The Most Important Topics to Learn in Machine Learning

Keywords: machine learning, topics, probability, statistics, linear algebra, data preprocessing, supervised learning, unsupervised learning, deep learning, reinforcement learning, model evaluation, cross-validation, hyperparameter tuning.

Why the buzz ?

Machine learning has been generating a lot of buzz in recent years due to its ability to automate tasks that were previously thought to be impossible or required human-level intelligence. Here are some reasons why there is so much buzz in machine learning:

  1. Improved Data Processing: Machine learning algorithms can process vast amounts of data quickly and accurately. With the advent of big data, there is now more data available than ever before, and machine learning algorithms can analyze this data to extract meaningful insights.
  2. Automation: Machine learning can automate tasks that were previously done by humans, such as image recognition, natural language processing, and even decision making. This has the potential to increase efficiency and reduce costs in many industries.
  3. Personalization: Machine learning can be used to personalize experiences for users. For example, recommendation systems can use machine learning algorithms to suggest products or services that are relevant to a user’s interests.
  4. Predictive Analytics: Machine learning can be used to make predictions about future events based on historical data. This is particularly useful in industries like finance, healthcare, and marketing.
  5. Advancements in Technology: Advancements in technology have made it easier to collect and store data, which has made it possible to train more complex machine learning models. Additionally, the availability of cloud computing has made it easier for companies to implement machine learning solutions.

Overall, the buzz in machine learning is due to its ability to automate tasks, process vast amounts of data, and make predictions about future events. As machine learning continues to evolve, it has the potential to transform many industries and change the way we live and work.

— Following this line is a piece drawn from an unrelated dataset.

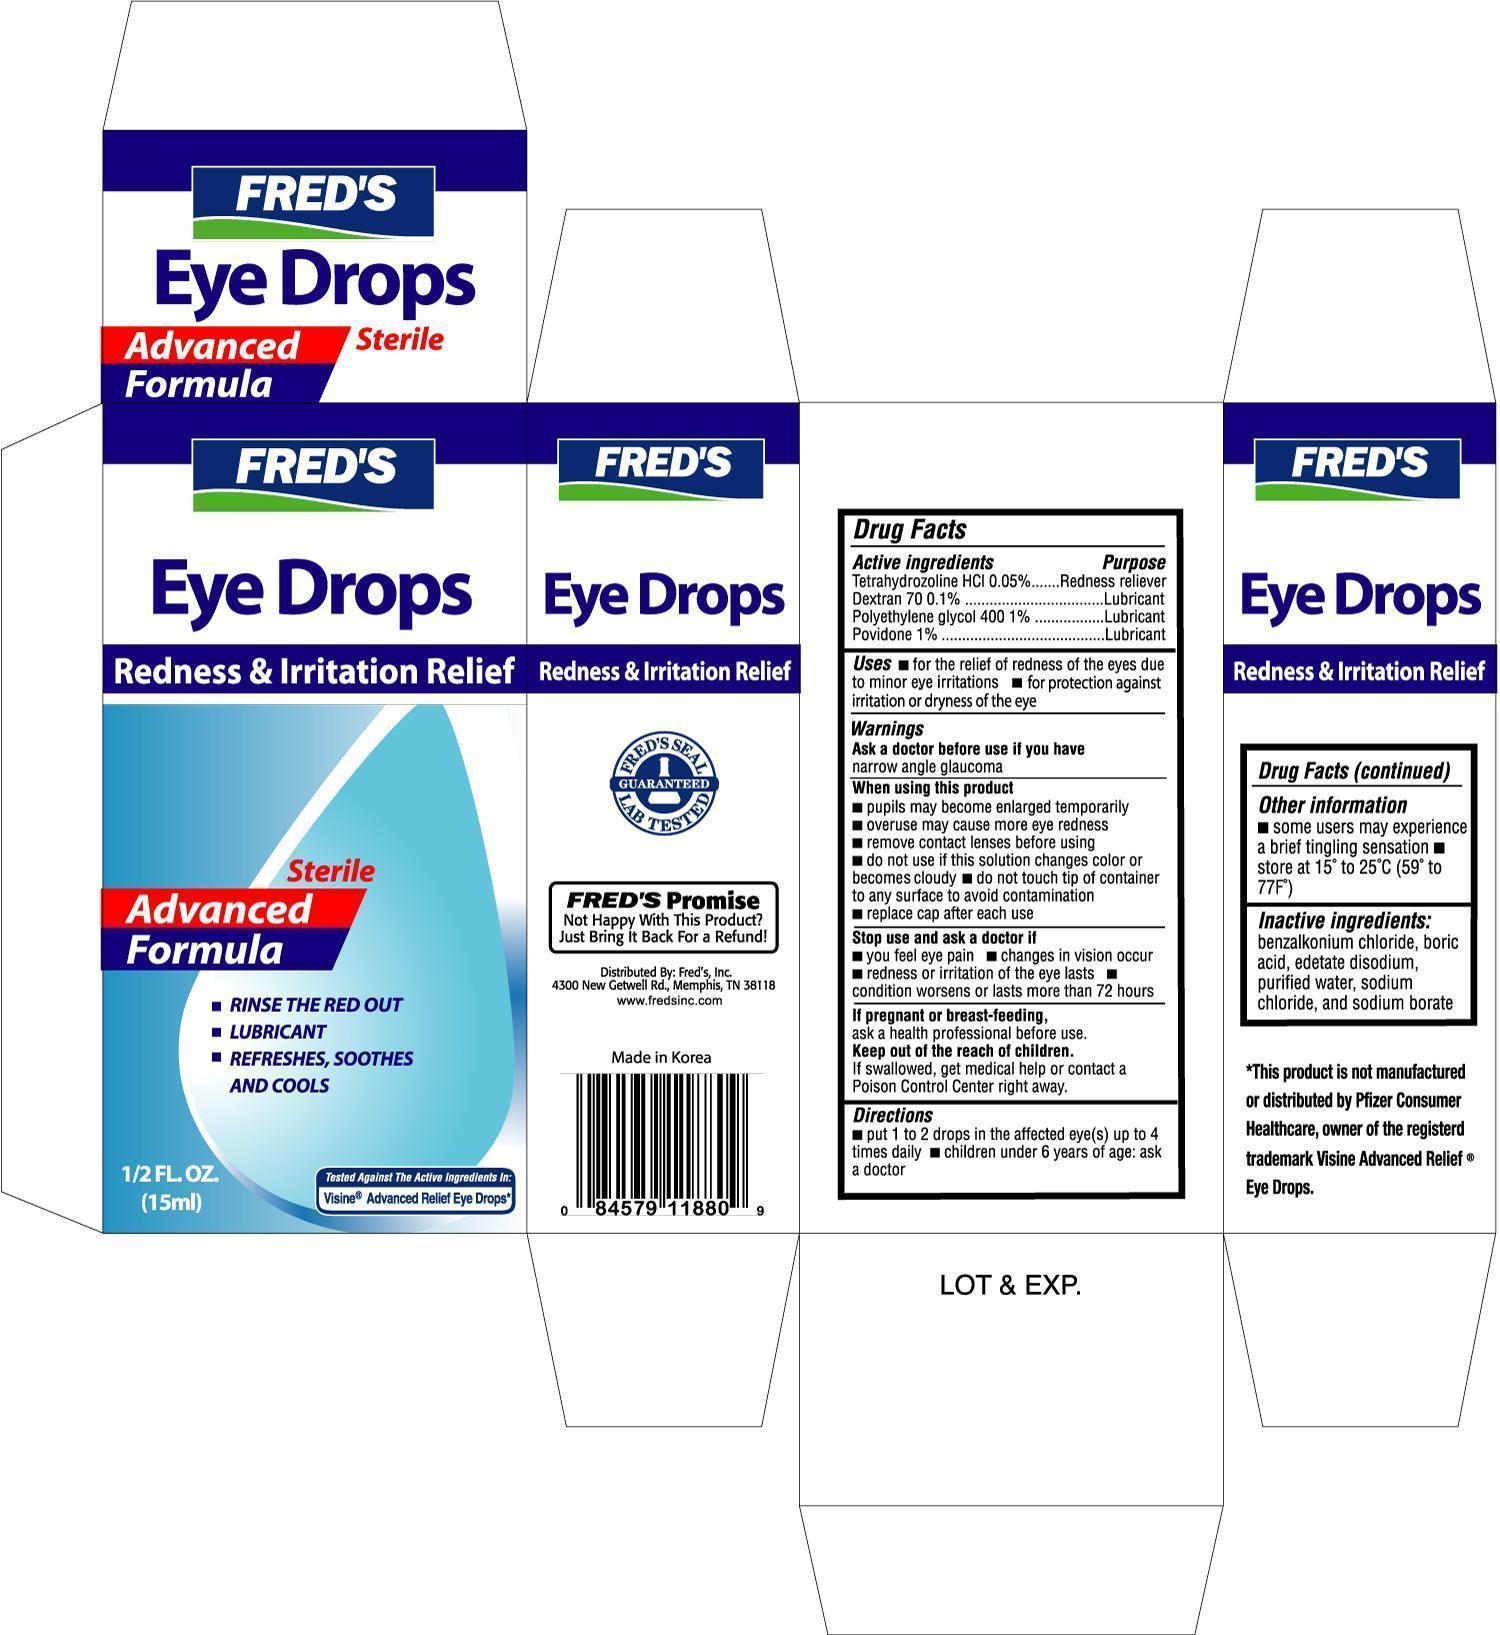 Freds Advanced Eye Drops (Dextran 70, Polyethylene Glycol 400, Povidone, Tetrahydrozoline Hcl) Solution [Freds, Inc]

The most important topics to learn in machine learning

There are several important topics to learn in machine learning that are crucial for building effective machine learning models. Here are some of the most important topics to learn:

  1. Probability and Statistics: Probability and statistics are the foundation of machine learning. It is important to have a solid understanding of concepts like probability distributions, statistical inference, hypothesis testing, and Bayesian methods.
  2. Linear Algebra: Linear algebra is used extensively in machine learning algorithms, especially in deep learning. Topics like matrices, vectors, eigenvectors, and eigenvalues are important to understand.
  3. Data Preprocessing: Data preprocessing is the process of cleaning and transforming raw data into a format that can be used by machine learning algorithms. It includes tasks like feature scaling, feature selection, data normalization, and data augmentation.
  4. Supervised Learning: Supervised learning is a type of machine learning where the model learns from labeled data to make predictions or classifications on new, unseen data. This includes topics like regression, classification, decision trees, and support vector machines.
  5. Unsupervised Learning: Unsupervised learning is a type of machine learning where the model learns from unlabeled data to discover patterns and relationships in the data. This includes topics like clustering, dimensionality reduction, and anomaly detection.
  6. Deep Learning: Deep learning is a subset of machine learning that involves training artificial neural networks with multiple layers. It is used for tasks like image recognition, natural language processing, and speech recognition.
  7. Reinforcement Learning: Reinforcement learning is a type of machine learning where an agent learns to take actions in an environment to maximize a reward signal. It is used for tasks like game playing, robotics, and autonomous driving.
  8. Model Evaluation and Selection: Model evaluation and selection is the process of selecting the best machine learning model for a given task. It includes topics like cross-validation, bias-variance tradeoff, and hyperparameter tuning.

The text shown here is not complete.